Many children aspire to reach for the stars with NASA. At Plymouth, students are getting the chance to work with that very organization.
Professor James Koermer has taken advantage of a space grant program funded by NASA to give PSU students a taste of real meteorology work. The grant provides them with a certain amount of money per year for undergraduates, graduate fellowships and summer programs. “One of the purposes of the program is to get people to continue with math/sciences career, with hopes that they will provide the future workforce for NASA,” said Koermer.
The project that Koermer and his students have been working on is less about the stars and outer space and more down to earth. Each summer, Koermer takes one to two students to the Kennedy Space Center in Cape Canaveral, Fla. There, they have been using the equipment in order to monitor winds.
Koermer began taking students to the space center in the summer of 2005. The first summer, only one student went, but since then there have been two or more.
The experiments they work on have been ongoing, “The main focus of our research is to provide tools that forecasters can use to predict strong winds with thunderstorms,” said Koermer.
One way to achieve this is to monitor the data that the current tools bring in. There are about 42 weather towers around the space center, each providing weather information.

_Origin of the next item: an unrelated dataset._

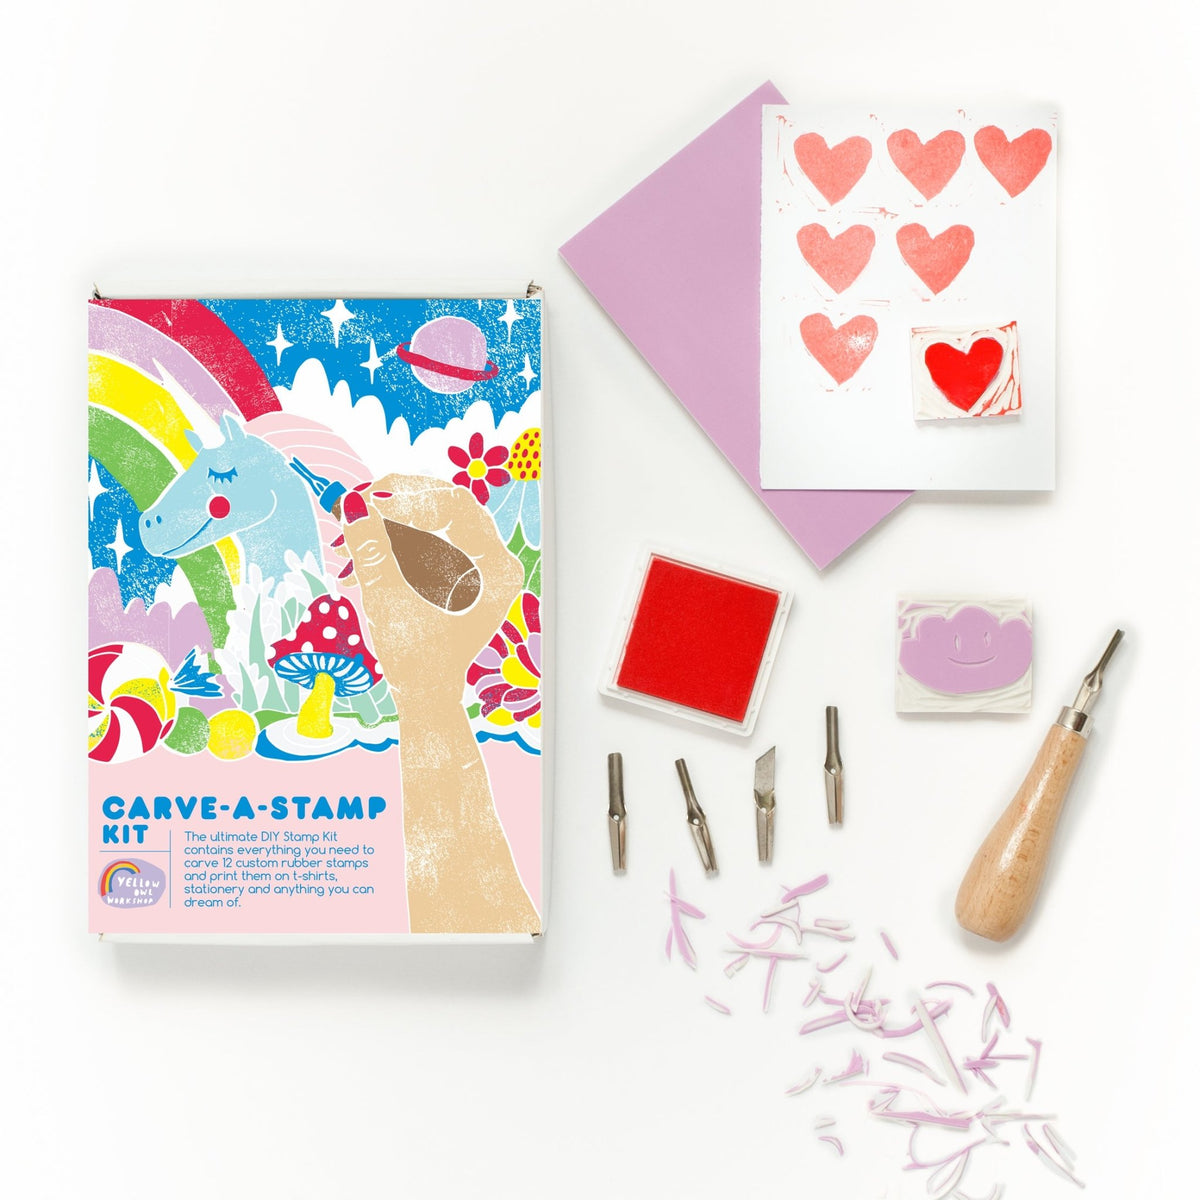 Carve-A-Stamp Kit - Yellow Owl Workshop

The towers have sensors at different intervals of height that record weather data in five minute increments, which is then analyzed by Koermer and his students. “There is 13 years of data from May to Sept… that’s when most of the storms are going to occur, during those 5 months,” said Koermer.
The students look at the types of thunderstorms that come in and try to predict the warning signs for those with high-speed winds. Most storm indicators are put into play in storms in locations that are not coastal. For instance, the sea breeze plays a part in wind indicators in coastal areas, which is one thing that Koermer and his team have to take into consideration in their research.
Koermer and his students have caught quite a few problems in the data. If one sensor is reporting high speed winds and others around it are reporting much lower speeds, it is likely that that sensor is broken, and this is part of what Koermer and his students look for.
The experience also serves to give practical experience to the potential forecasters. “When you’re training a forecaster, they’ll kind of see, ‘Well, it’s 7:00 in the morning, you probably won’t see any events,'” said Koermer.
Students who participate in this program have gone on to other things as well. Koermer says that students have gone on to grad school or even to work for NASA. The work that the students do with Koermer allows them to get connected with other interns and people from NASA. Certainly, the dream of working for NASA is not out of reach, and this program can help it to come true.